■ **Given information**:
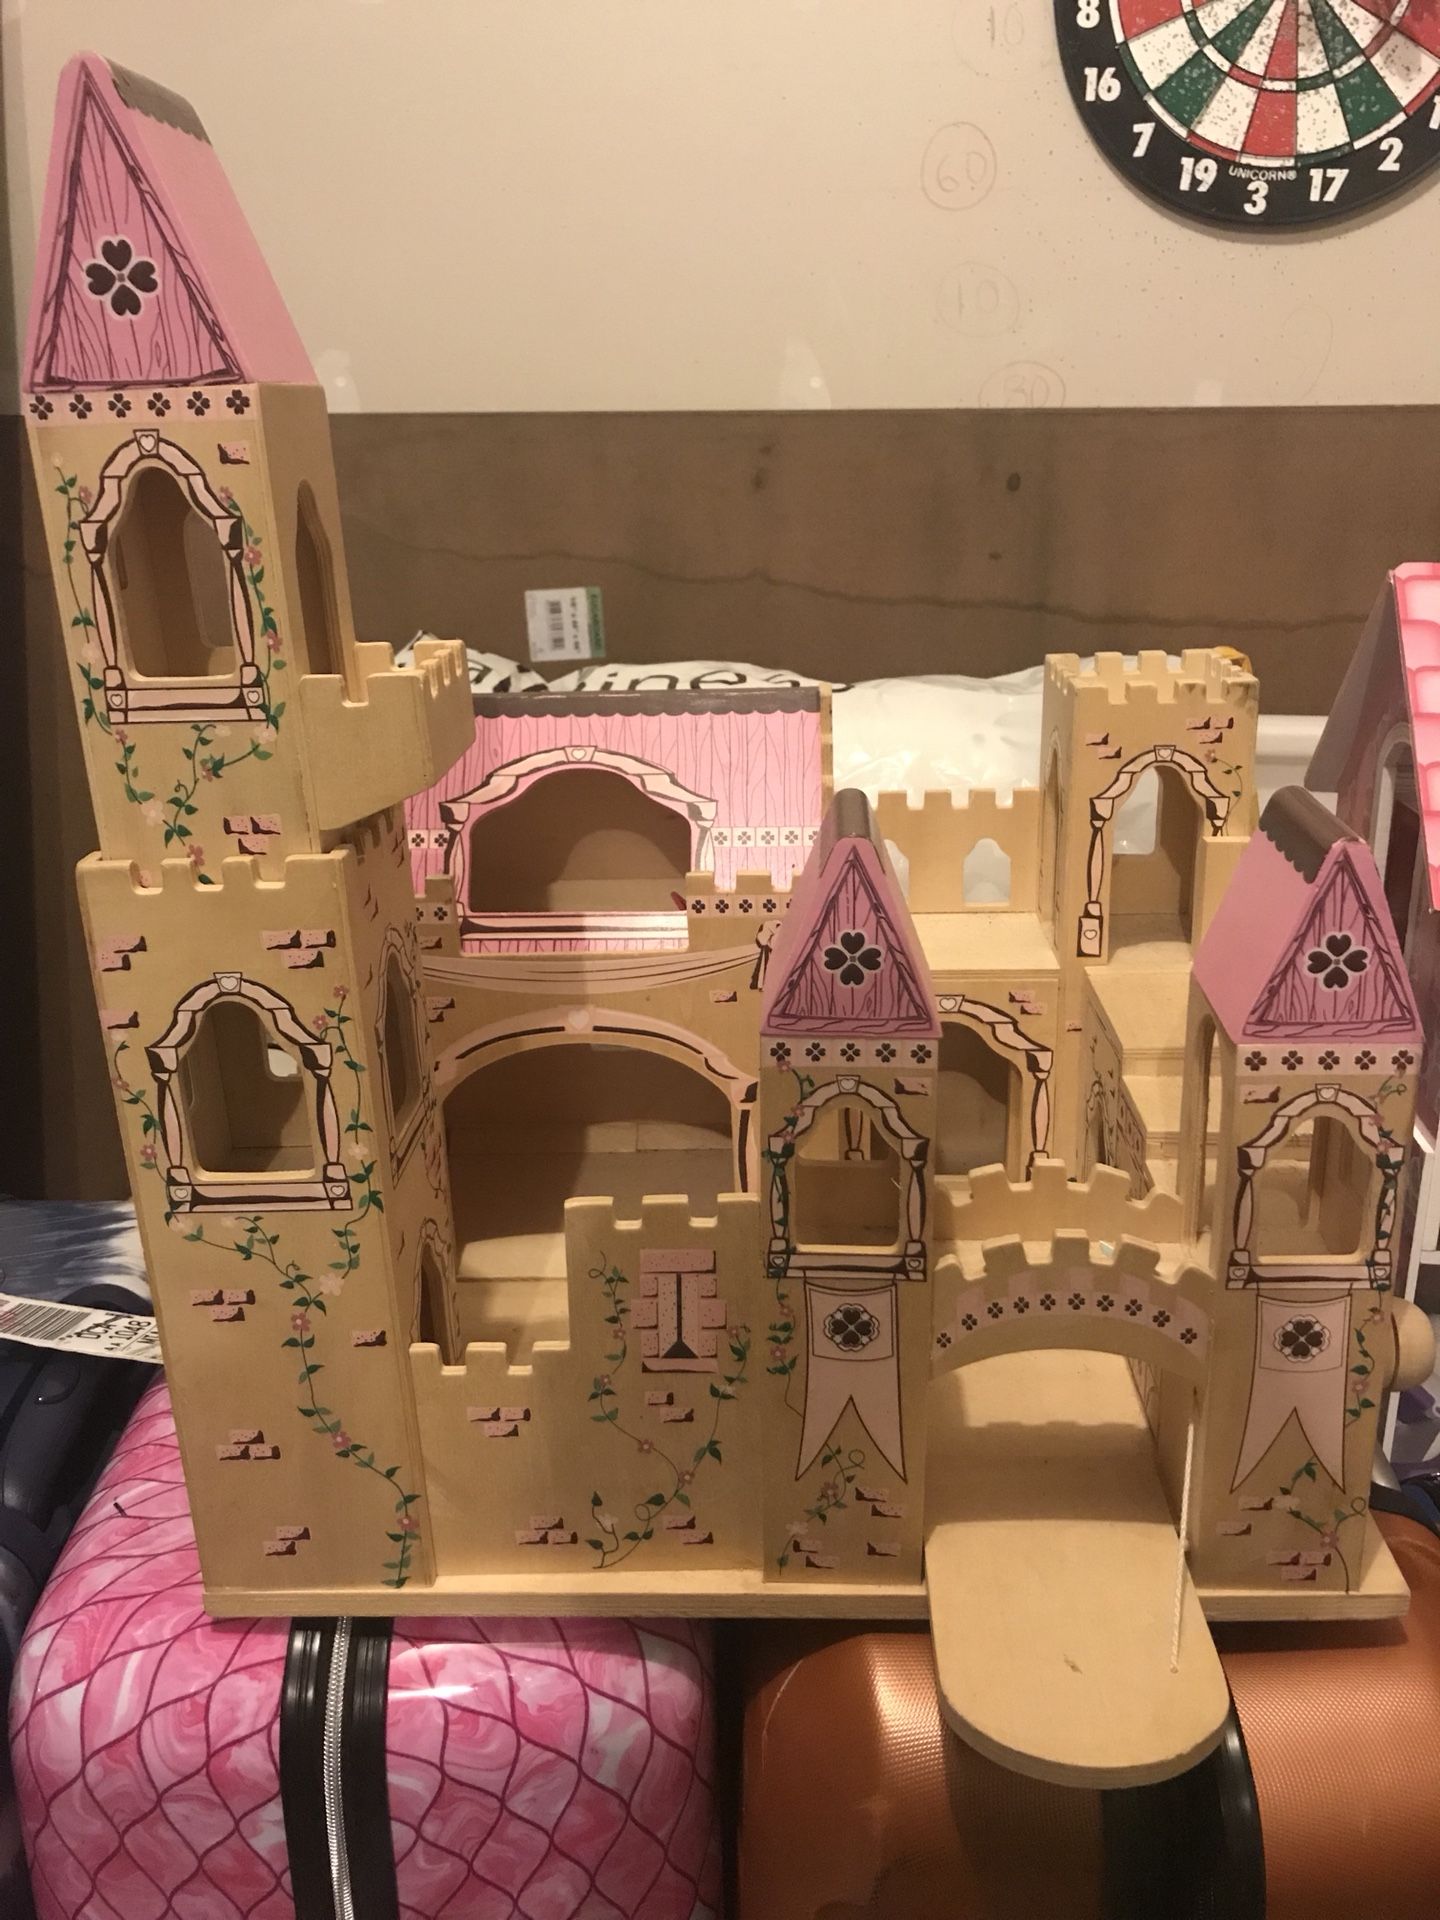 Folding Princess castle Wooden w/ Drawbridge and turrets
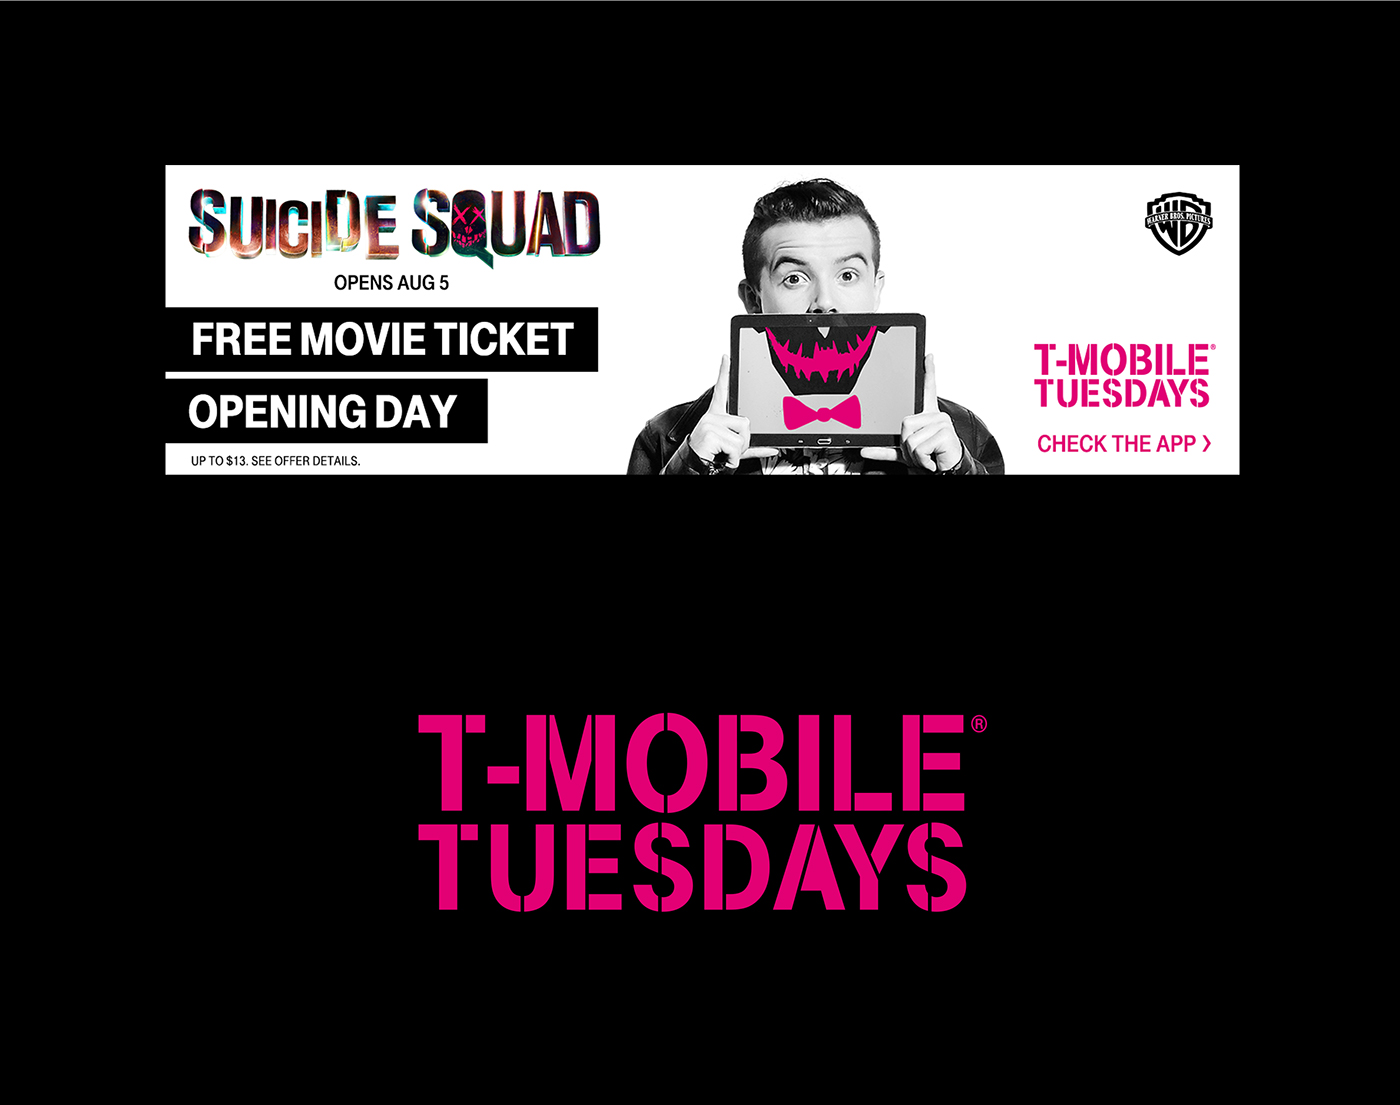 Adobe Portfolio T-Mobile mobile Advertising  Tuesdays Get Thanked
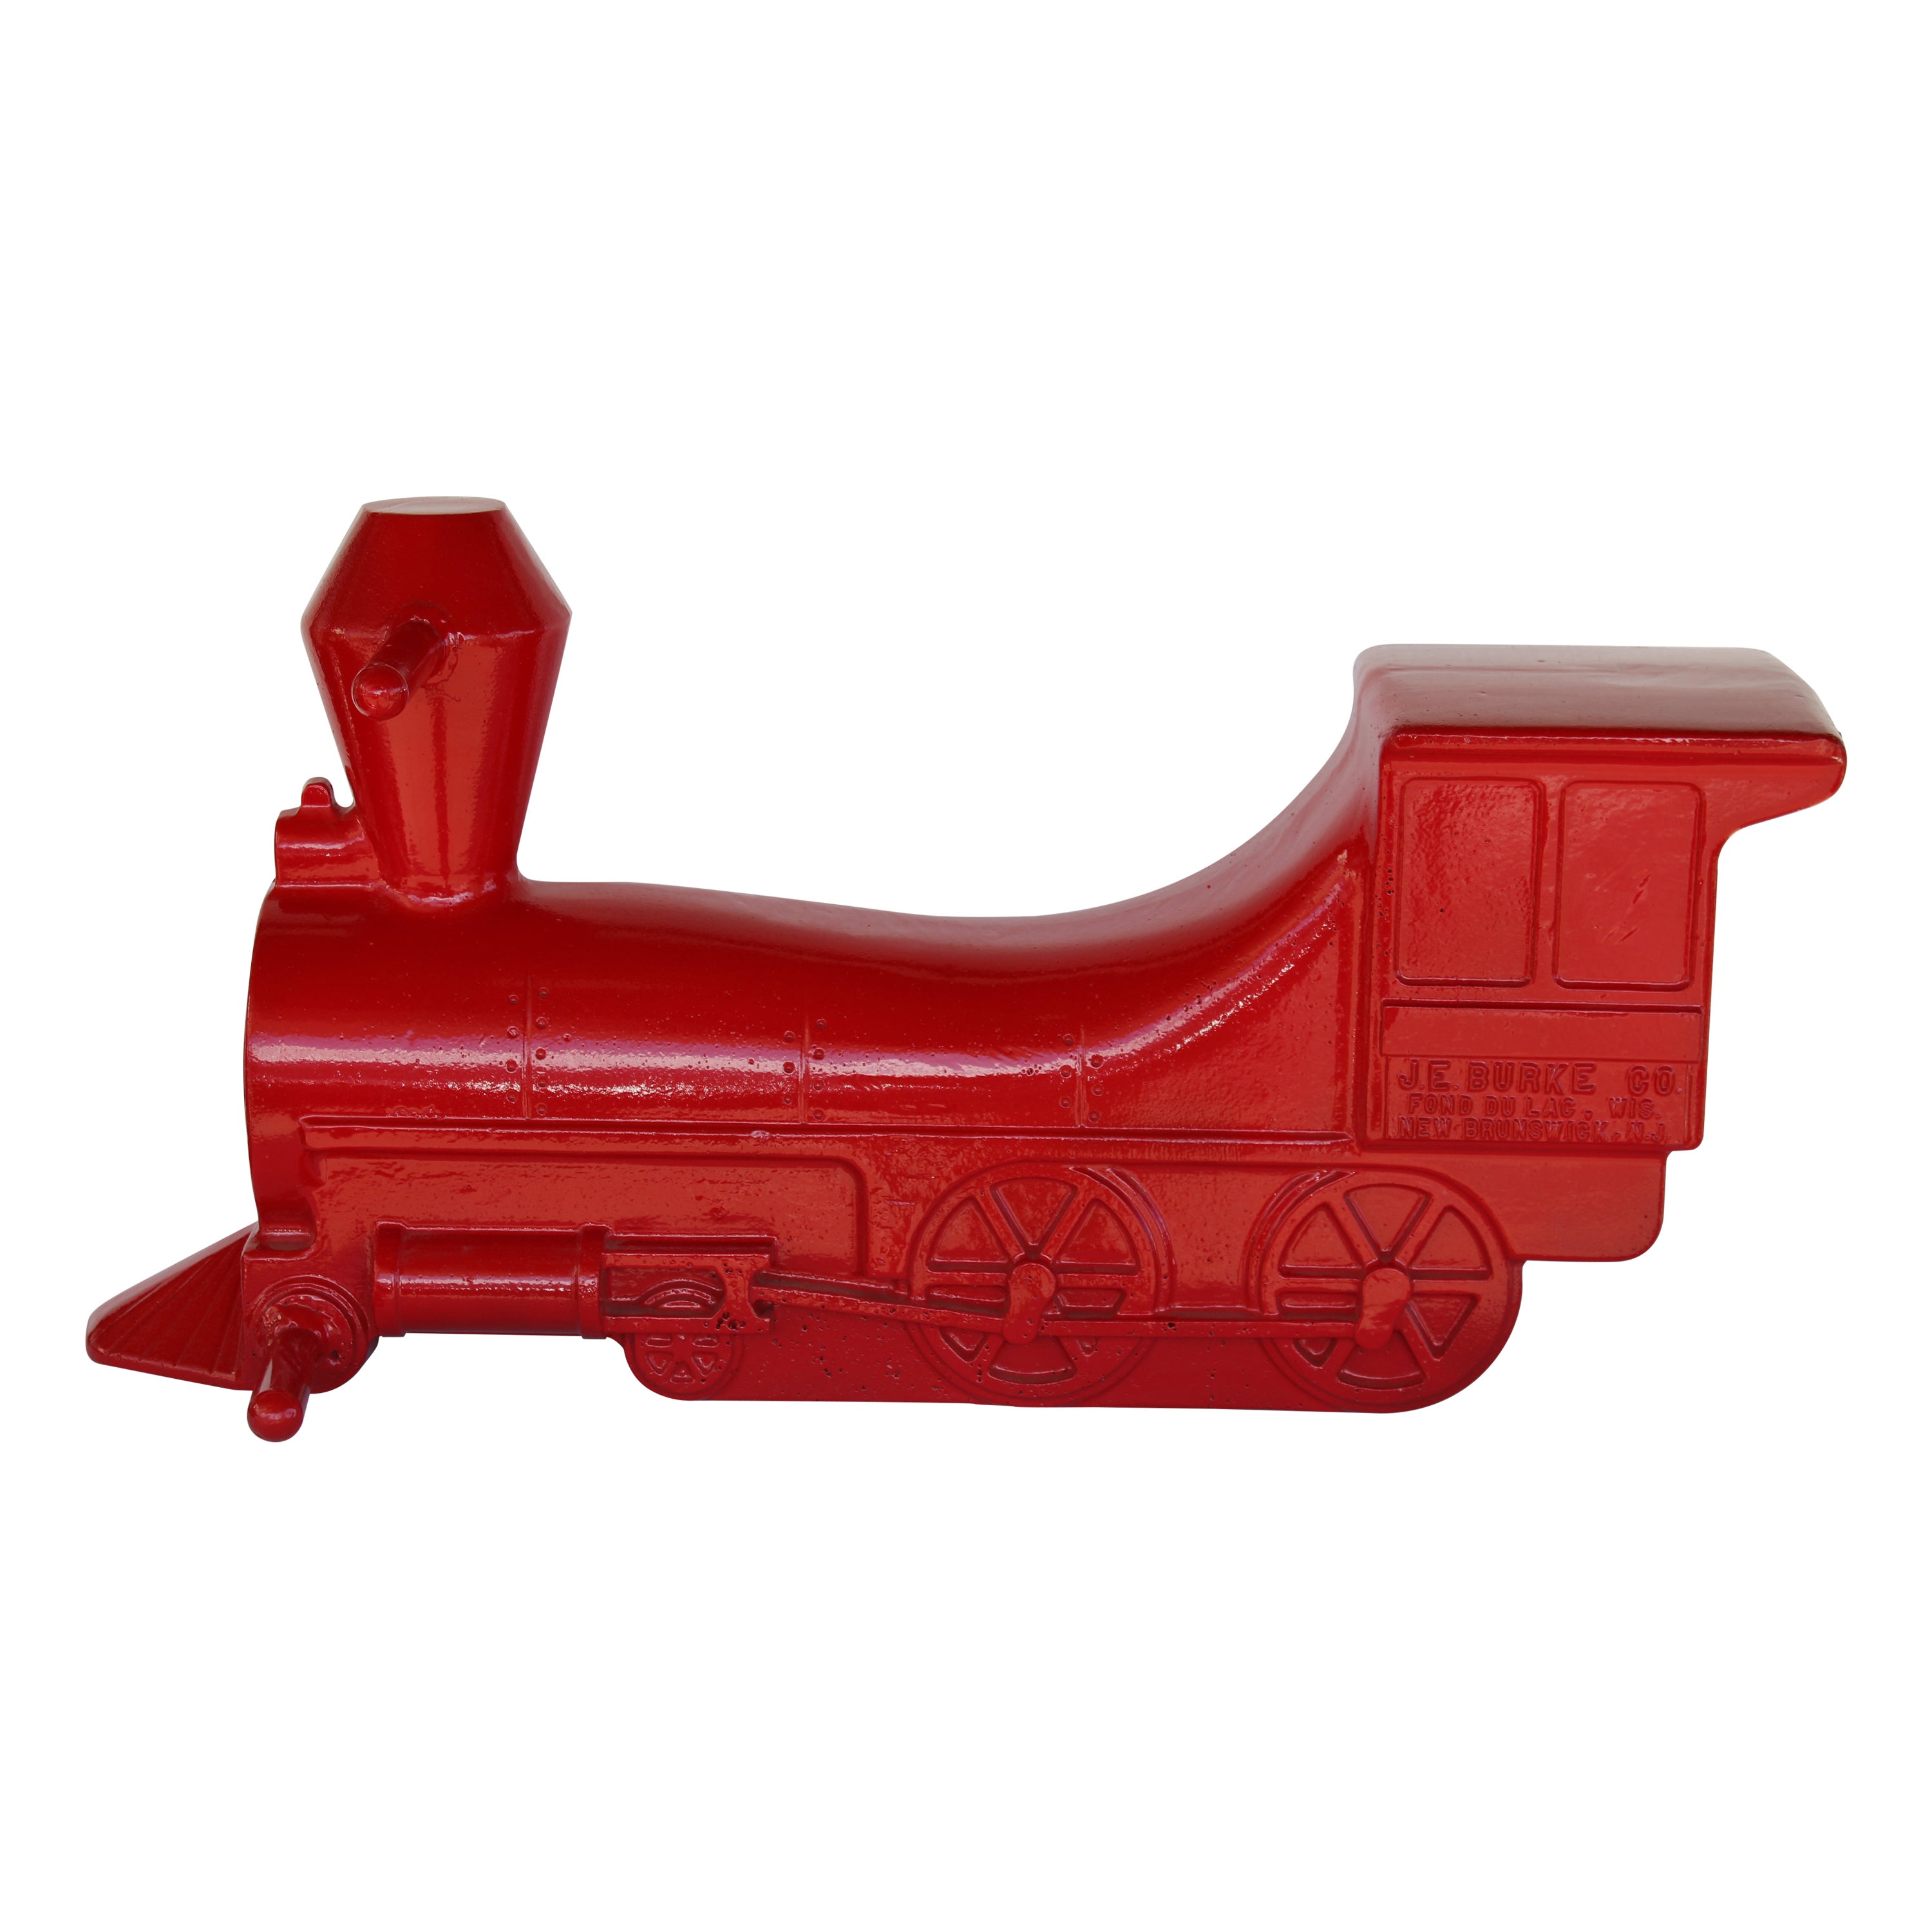 Aluminum Red Locomotive Playground Toy Sculpture For Sale

■ **About this exercise**:
Exactly the lines from the line with "Adobe Portfolio T-Mobile" through the last line of the listing, both included, should be extracted, and the pictures left behind.

■ **Response box**:
 Adobe Portfolio T-Mobile mobile Advertising  Tuesdays Get Thanked
 Aluminum Red Locomotive Playground Toy Sculpture For Sale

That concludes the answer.